Segment Start: INPUT DATA
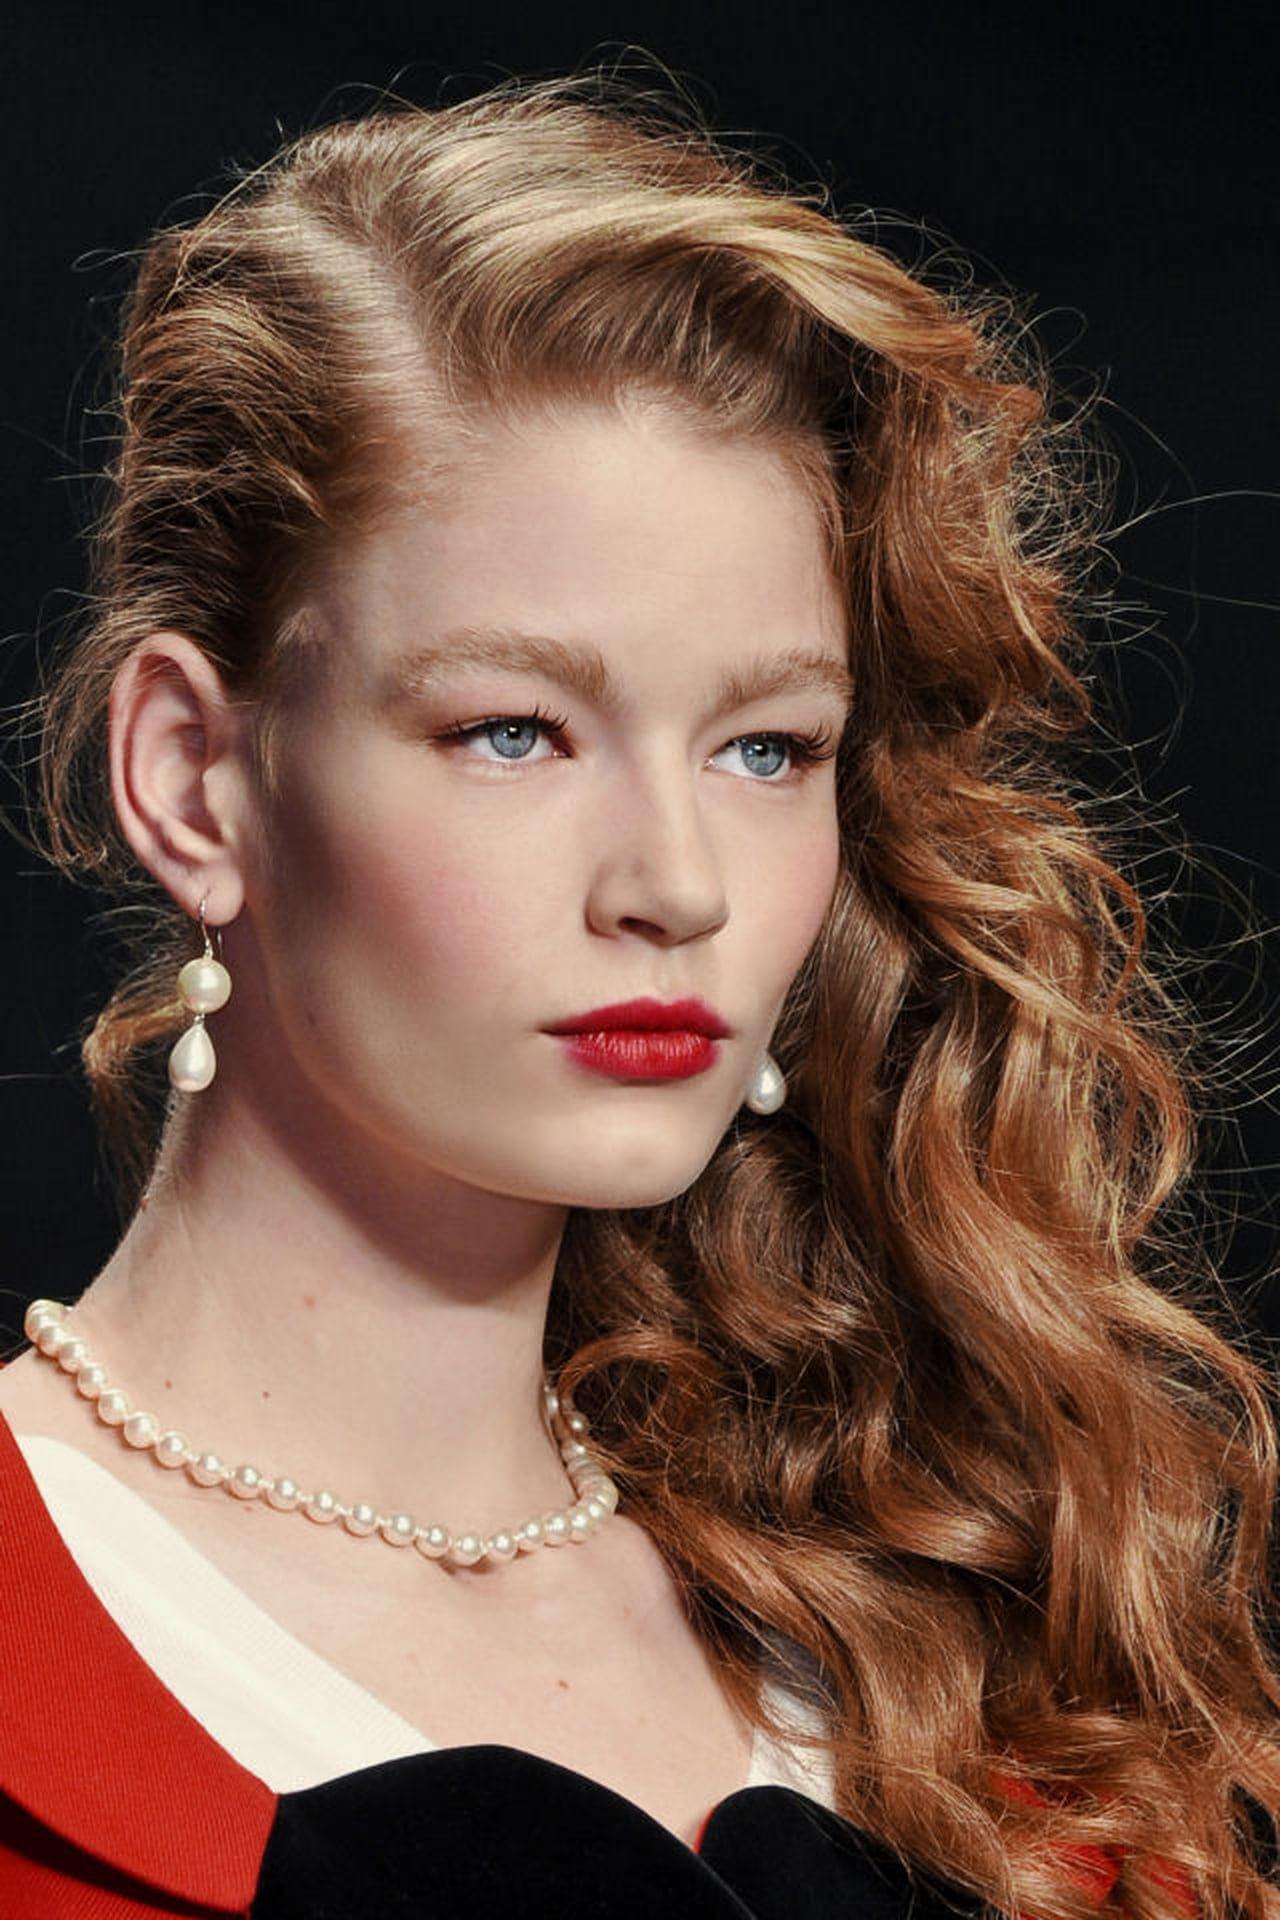 Acconciature capelli ricci: come domarli in modo glamour ...
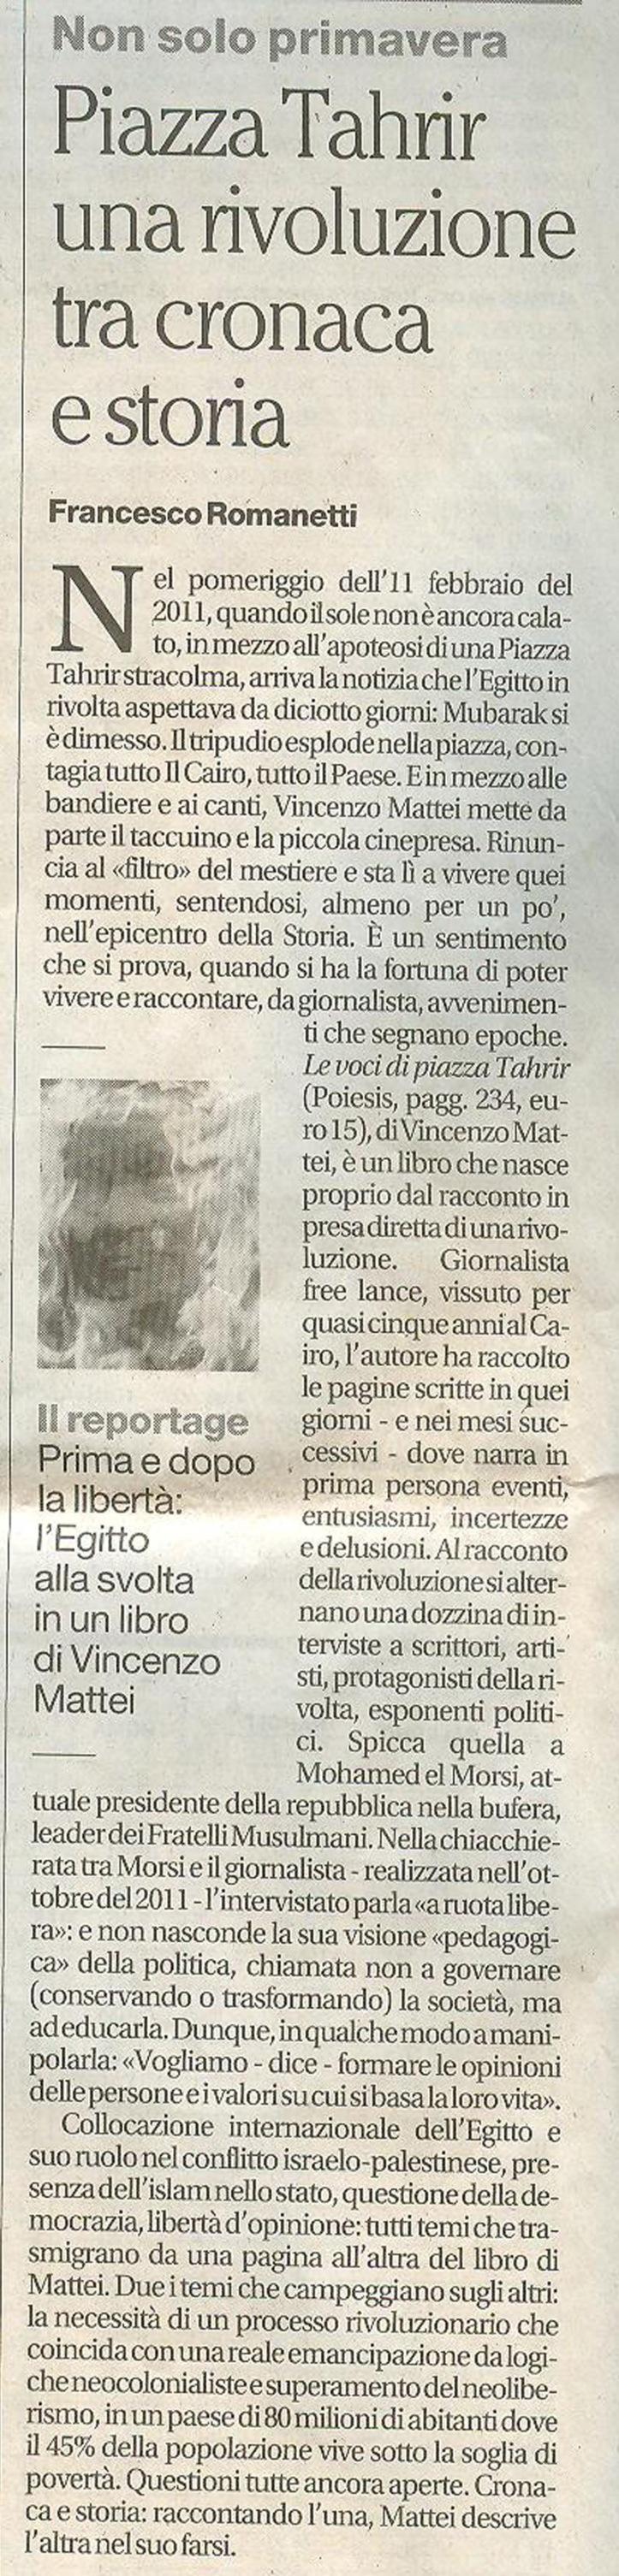 Recensione sul Mattino di Napoli (11 dicembre 2012)
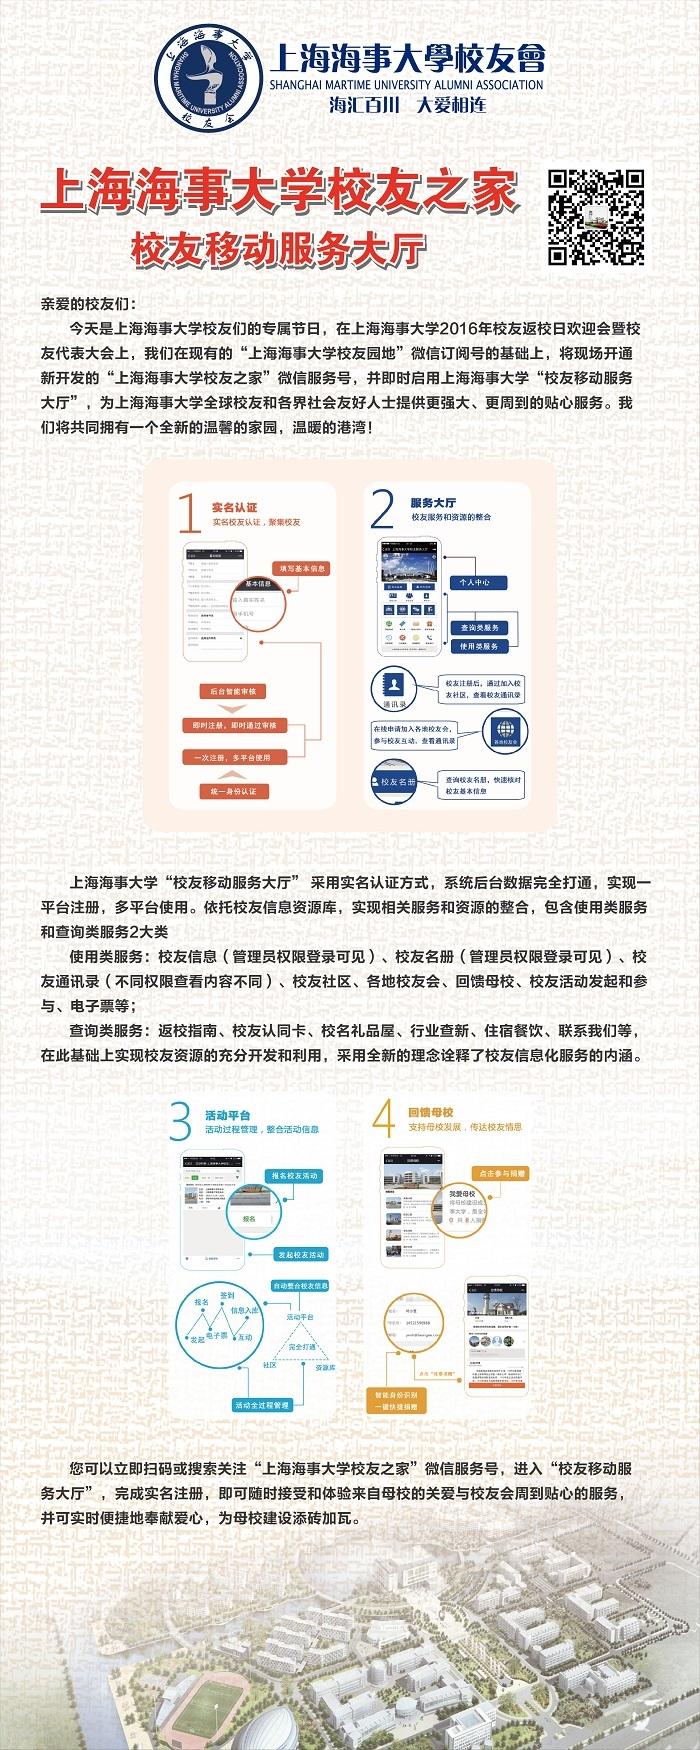 上海海事大学校友之家校友移动服务大厅
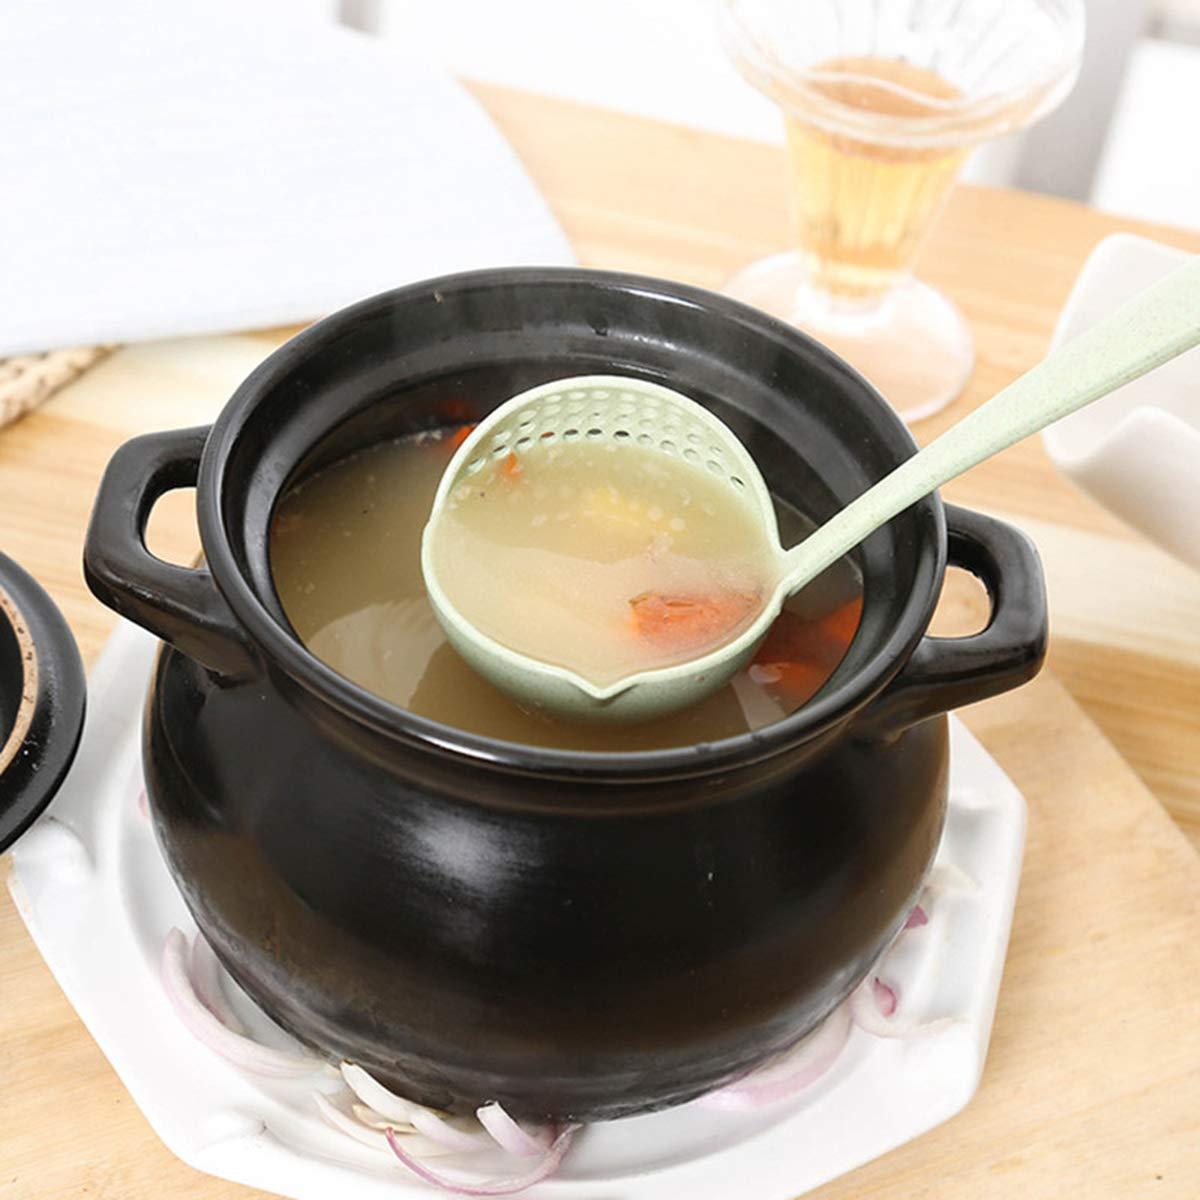 Nrpfell 2 en 1 Vajilla De Olla Caliente Cuchara De Sopa Avena con Filtro Espumadera Utensilio De Cocina Colador De Largo Manejar Beige
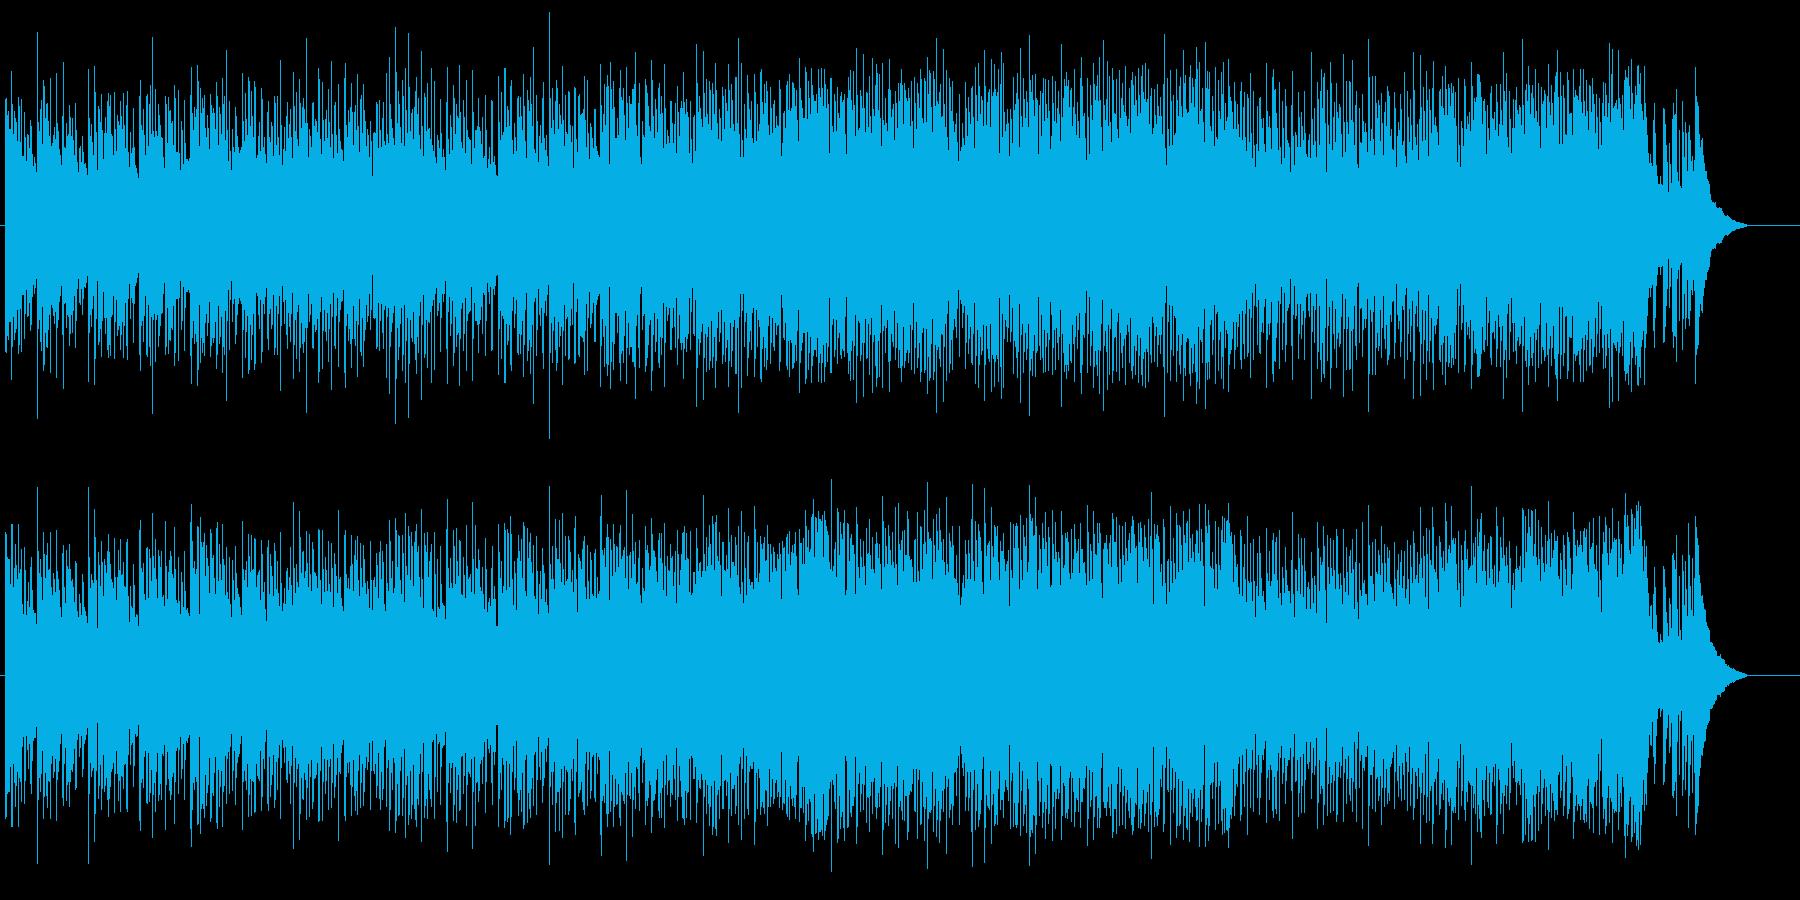 軽快でお洒落なイージーリスニングポップスの再生済みの波形
Segment End: INPUT DATA
GOAL OF THE EXERCISE
Retype the line containing "Nrpfell 2 en" and all lines after it through the end of the material, exactly and only those, leaving out pictures.

OUTPUT FOR THIS EXERCISE
 Nrpfell 2 en 1 Vajilla De Olla Caliente Cuchara De Sopa Avena con Filtro Espumadera Utensilio De Cocina Colador De Largo Manejar Beige
 軽快でお洒落なイージーリスニングポップスの再生済みの波形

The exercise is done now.